Жить надо так, чтобы не соскучилось установленное за вами негласное наблюдение
Становление некроманта
В мрачноватых стенах древнего родового замка Блэкхорс графов апФиал по длинным, тускло освещенным коридорам, увешанным старинными гобеленами, летел, отражаясь от стен, пугая крыс и пауков, истошный женский крик. С каждым новым вскриком буря, казалось, ярилась все больше и больше. Казалось, что сейчас ночь - дождь сплошной стеной хлестал наотмашь землю, полосуя как ножами всех недогадливых, кто рискнул высунуть нос за порог, гром грохотал как трубы архангелов, возвещавших Конец Света, молнии магниевыми вспышками высвечивали искаженные ужасом лица. Пугливые, бледные служаночки делали оберегающие жесты, слуги сплевывали и, вздрагивая от очередного крика, который не мог заглушить даже гром, угощали друг друга кто спиртом, кто брагой, а кто и вином, иногда - хозяйским. В высокой башне, в своих покоях вот уже второй час рожала графиня. Граф уехал к соседям на охоту и с ней осталась только ее верная молочная сестра.
читать дальше
Годом раньше...
- Что мне делать, Анна? Что?!! Я уже на все готова! Я молилась! Без толку! Этот самодур грозится развестись, если я не рожу ему ребенка! И он хочет непременно сына! Наследника, чтоб его черти драли! - прекрасная, черноволосая девушка лет восемнадцати на вид в глубокой истерике бьется на широкой кровати, крича в подушку. - Этот... - задыхается она. - Я не могу позволить этого! Опять в нищету! Я все сделаю, все! Помоги мне! Я знаю, ты можешь! - резко вскочив, она кидается к Анне - дородной женщине, прядущей в тени рядом с окном. Несмотря на ярость, исказившую ее черты, девушка очаровательна. Яркие губы на смуглокожем лице искажены страданием и гневом. Жемчужные острые зубки обнажаются в злобном, хищном оскале, не приличествующем ни ее возрасту, ни положению, о котором буквально вопят и дорогое, бордовое платье, расшитое золотыми нитями так, что ткань уже почти и не гнется, и родовые, роскошные перстни, и ослепляющие своим изяществом кольца и ожерелье. Глубокие орехового цвета глаза сейчас стали почти черными и мечут молнии. Тонкие пальцы с ухоженными ногтями искривлены словно ястребиные когти, хватающие добычу.

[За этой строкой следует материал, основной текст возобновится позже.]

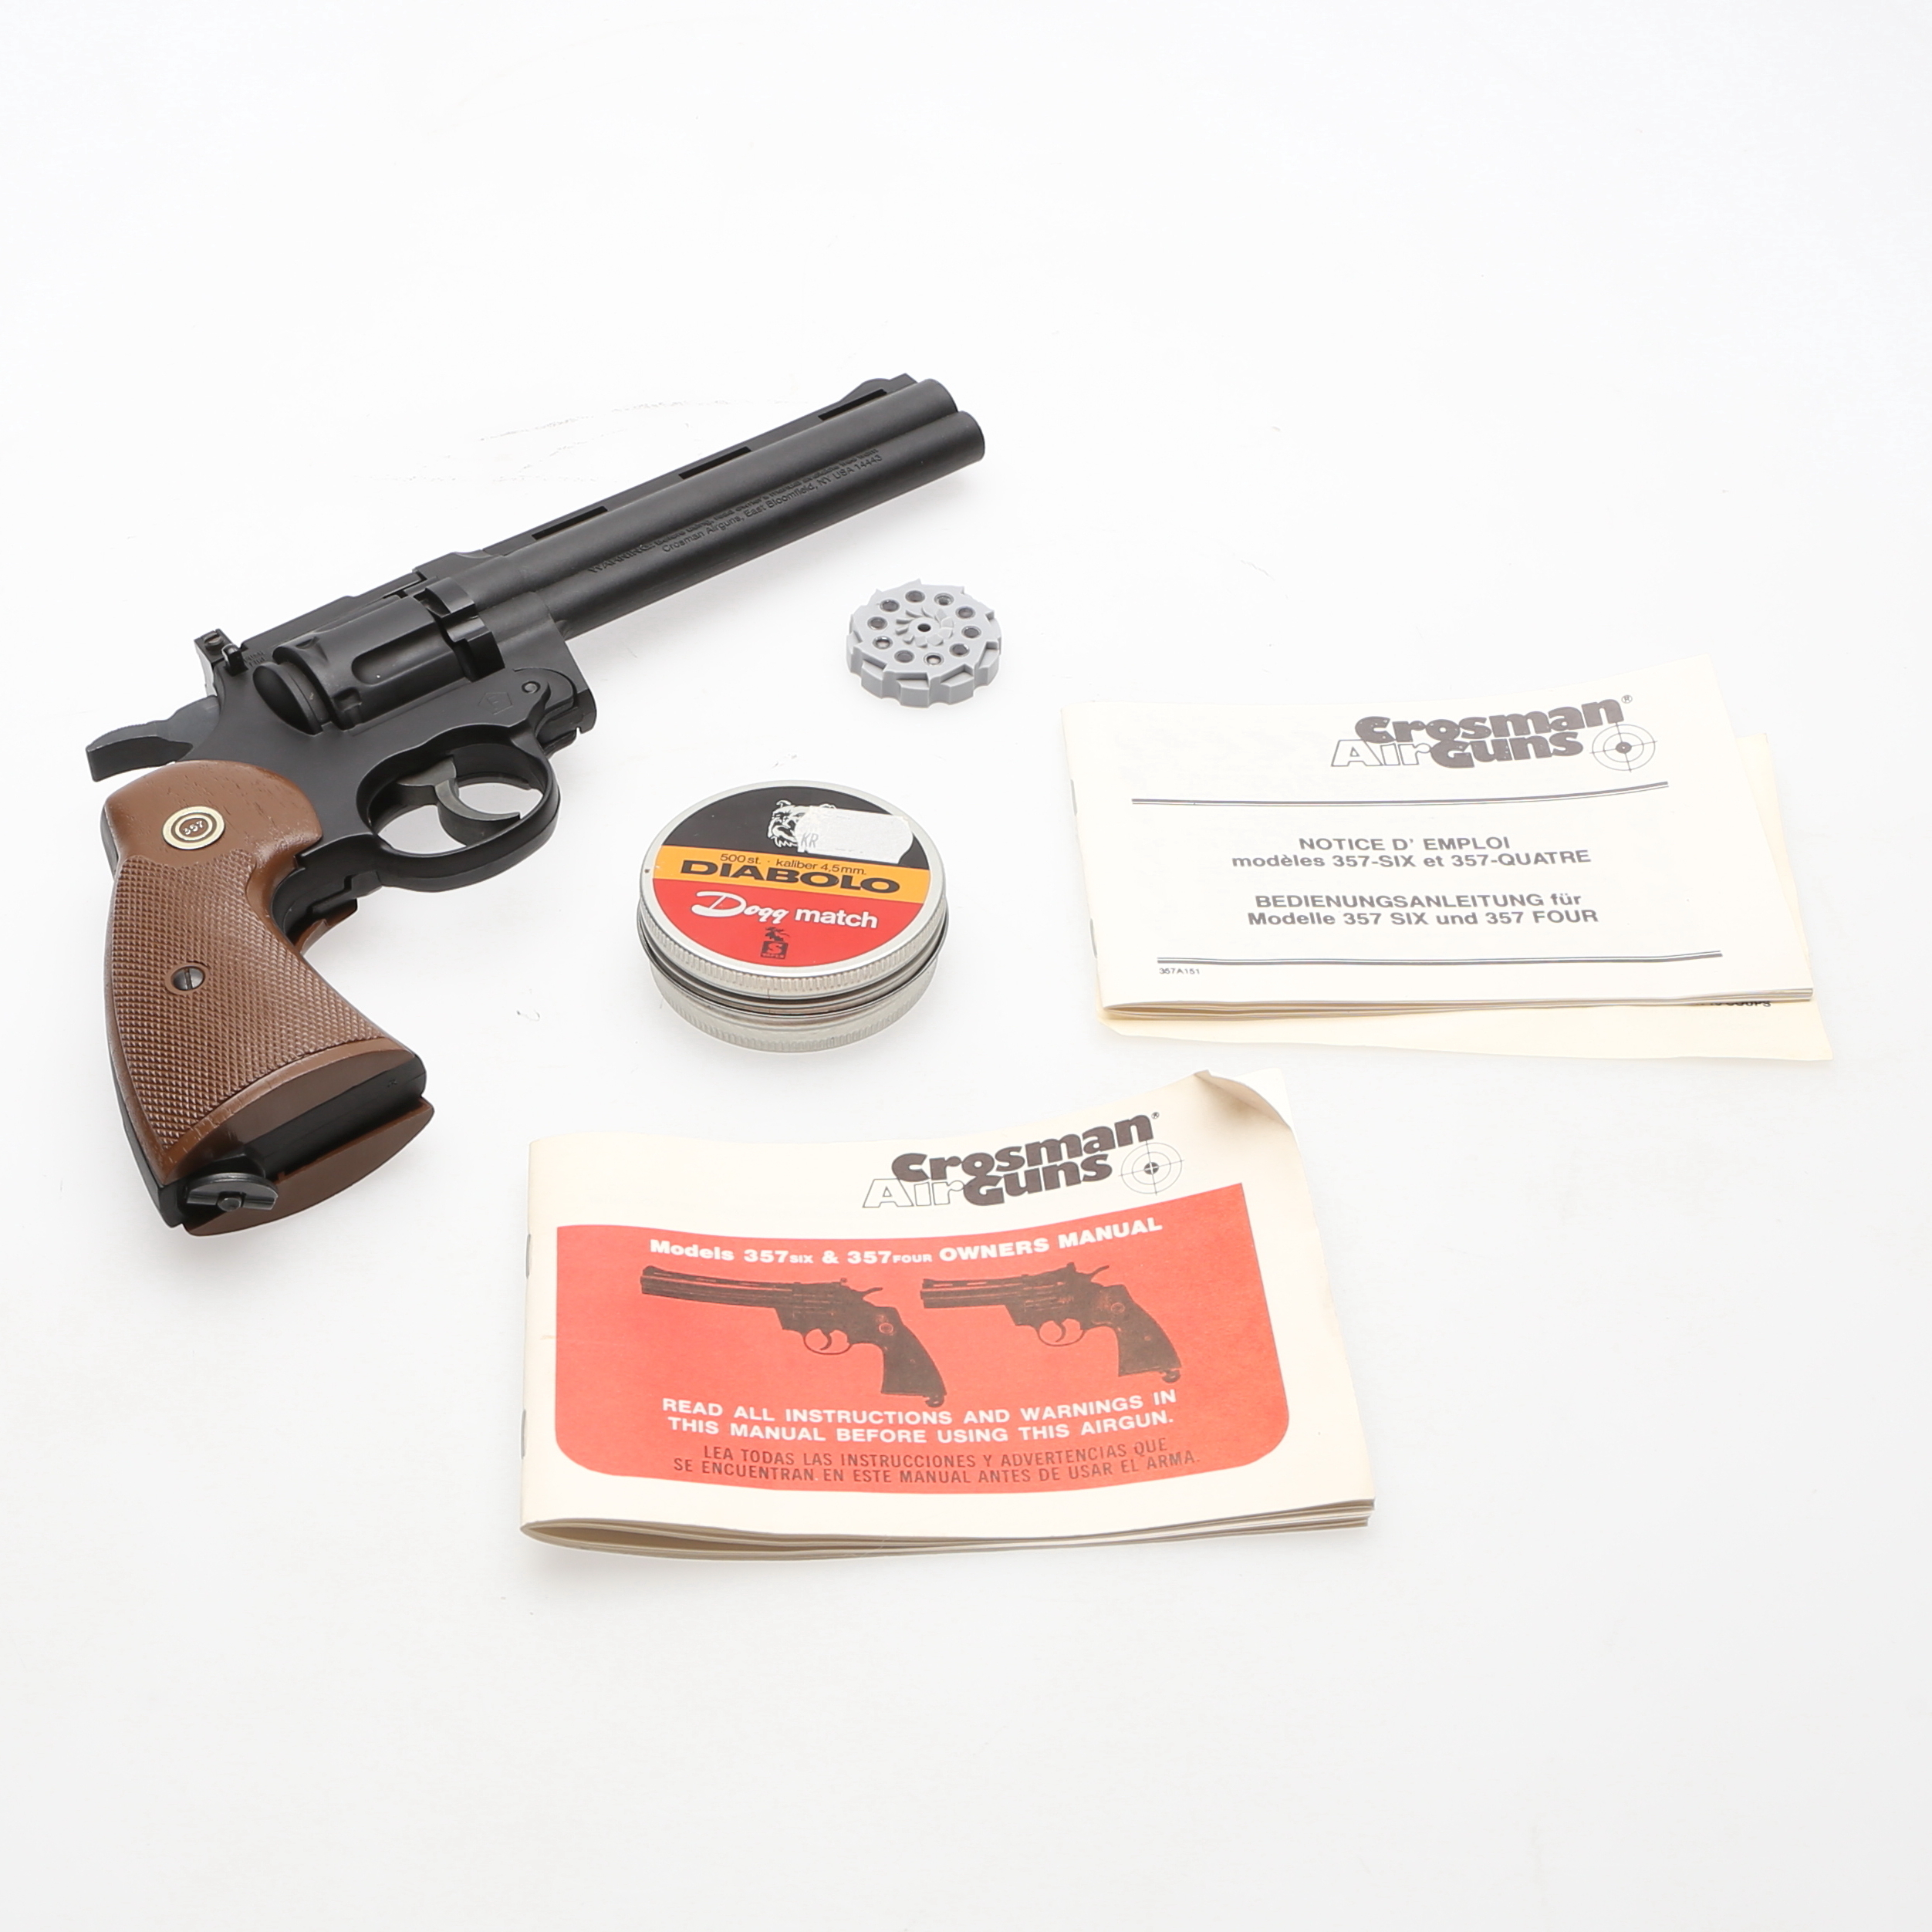 Crosman 357 Revolver

- Я могу помочь, но это не приветствуется нашей всеблагой церковью и... инквизиторами, - женщина спокойна. Ее лицо и фигуру скрадывает тень от оконного переплета, да и за окном пасмурно. Судить по голосу о возрасте трудно - и 30, и 50 лет можно дать пряхе. Вот только озорные нотки, еле слышимые в ее голосе, заставляют склоняться все же к 30. - А я законопослушна и никогда не стану рисковать ни своей репутацией, ни жизнью... просто так. В одиночку.
- Проси, чего хочешь! Все, что в силах человеческих! Этот чертов!..
- Как пожелаешь, госпожа, - голос становиться смертельно серьезным. - Я не могу тебе помочь сама, но вот дьяволы. Я знаю, как это провернуть. Ты готова?
- Да!!! Ты поможешь?
- Хорошо, госпожа. Нам надо...
Буря. Ливень. Замок Блэкхорс. Покои графини.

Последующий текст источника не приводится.